И вот через три дня передо мной лежал ответ: шесть страниц, притом ни слова о погоде.
Теперь мне было известно следующее: фамилия столяра — Рамметсэдер, он жил с семьей в Урфаре, на Розеннауэрштрассе, в самом начале улицы; там же помещалась и его мастерская. У столяра была только одна дочь, может быть, именно поэтому он охотно взял на воспитание мальчика. Рамметсэдер и его жена, по-видимому, сами не знали, кто отец ребенка, а так как деньги на его содержание поступали с неизменной аккуратностью, у них не было причин заниматься розысками. Однако настоящий отец ребенка все знал о нем — то ли он сам наводил справки, то ли кто-то давал ему сведения, потому что дедушкин приемный отец время от времени получал от адвоката из Линца (его фамилия не то Рурик, не то Юрик — тетя Ида точно не помнит) четкие указания, например: определить мальчика, отлично окончившего начальную школу, в гимназию; или еще через несколько лет, после блестящего окончания гимназии, — предоставить юноше, которому исполнилось восемнадцать лет, полную свободу в выборе профессии. Больше, правда, и она, к великому своему сожалению, ничего не знает, писала тетя Ида, только вот еще что: дочка Рамметсэдера вышла замуж за человека по фамилии Вудицль, эта странная фамилия запала ей в память. Я перестал злиться на Гарри Голда, но зато вдвое сильнее разозлился теперь
на сестру, которая всегда делала вид, будто ее это интересует, но решительно ничего не запомнила. Захватив бутылку рома и два стакана, я отправился в кабинет к Гарри Голду, рассказал ему про письмо и — что уж тут поделаешь! — сообщил также о своей догадке. Гарри Голд долго и, казалось, безучастно смотрел на меня, потом вынул изо рта трубку, будто собираясь сплюнуть, и сказал:— Нет, евреем он не был, это уж точно.

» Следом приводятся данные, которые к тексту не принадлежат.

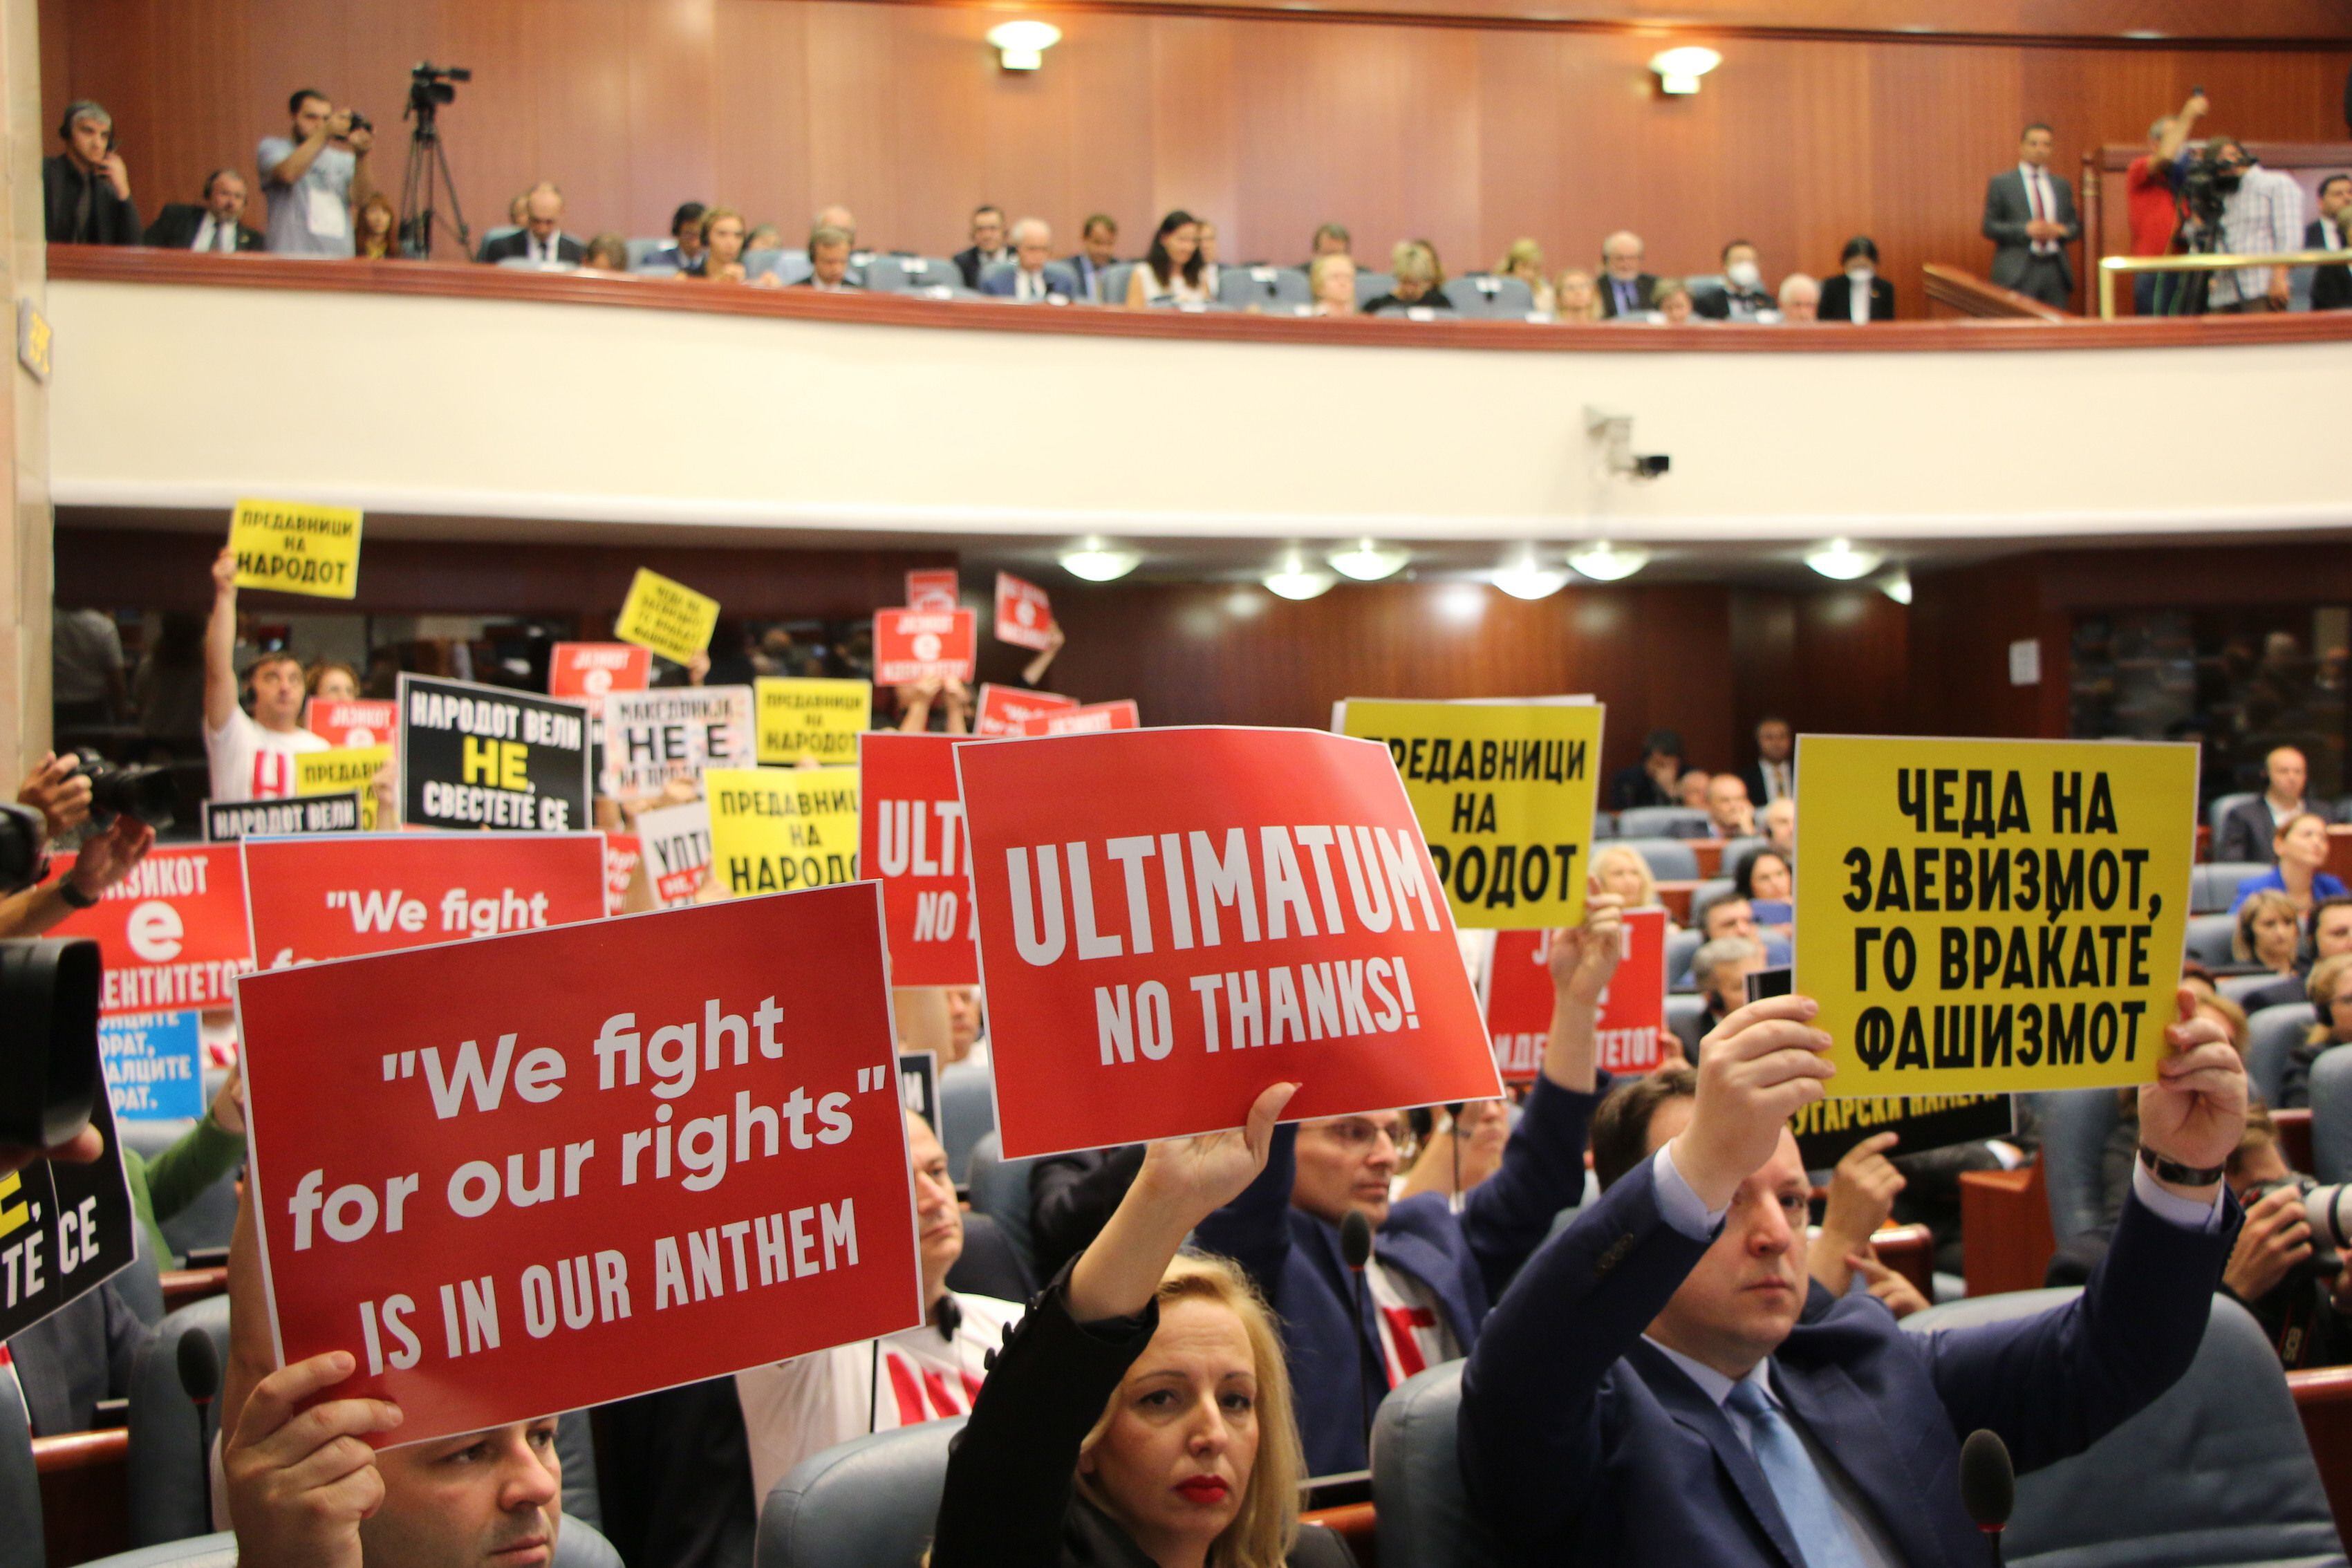 Diputados opositores muestran pancartas contra el pacto mientras Ursula Von der Leyen se dirige al Parlamento de Macedonia del Norte, durante una visita a Skopje, el pasado jueves.

Кто бы он ни был — еврей ли, аристократ, или кто-либо еще, я должен во что бы то ни стало до этого докопаться.
В середине декабря — еще до начала рождественских каникул — я поехал в Вельс к моим тетушкам и, пробыв у них всего один день, отправился в Линц. В телефонной книге я отыскал адрес частного сыскного агентства и пошел туда. В приемной сидели две девушки: одна из них полировала себе ногти, а другая портила их, стуча на машинке. Обо мне доложили шефу, и пришлось ждать, а так как я упустил момент, когда следовало снять пальто, то сидел теперь и парился в жарко натопленной комнате. Наконец над головой девицы, занятой маникюром, заверещал звонок, она вспорхнула со своего кресла и раскрыла передо мной обитую кожей дверь в кабинет хозяина. Хозяин оказался пожилым, но молодящимся человеком: сколько бы ему ни было лет — он выглядел на десять лет моложе. О его гладко зачесанных назад волосах нельзя было сказать, седые они или белокурые; широкое плоское лицо покрывал золотистый загар; взгляд у него был острый, как только что отточенный карандаш. Все это я разглядел не сразу, ибо майор в отставке Ганс Фибиг сидел в дальнем углу комнаты, порог которой я только что переступил, а комната эта была чуть уже моего кабинета и чуть короче гимнастического зала, так что, когда я наконец добрался до его письменного стола, то весь обливался потом. Протянув мне руку, майор в отставке слегка приподнял зад от стула и указал на кресло, стоявшее напротив него.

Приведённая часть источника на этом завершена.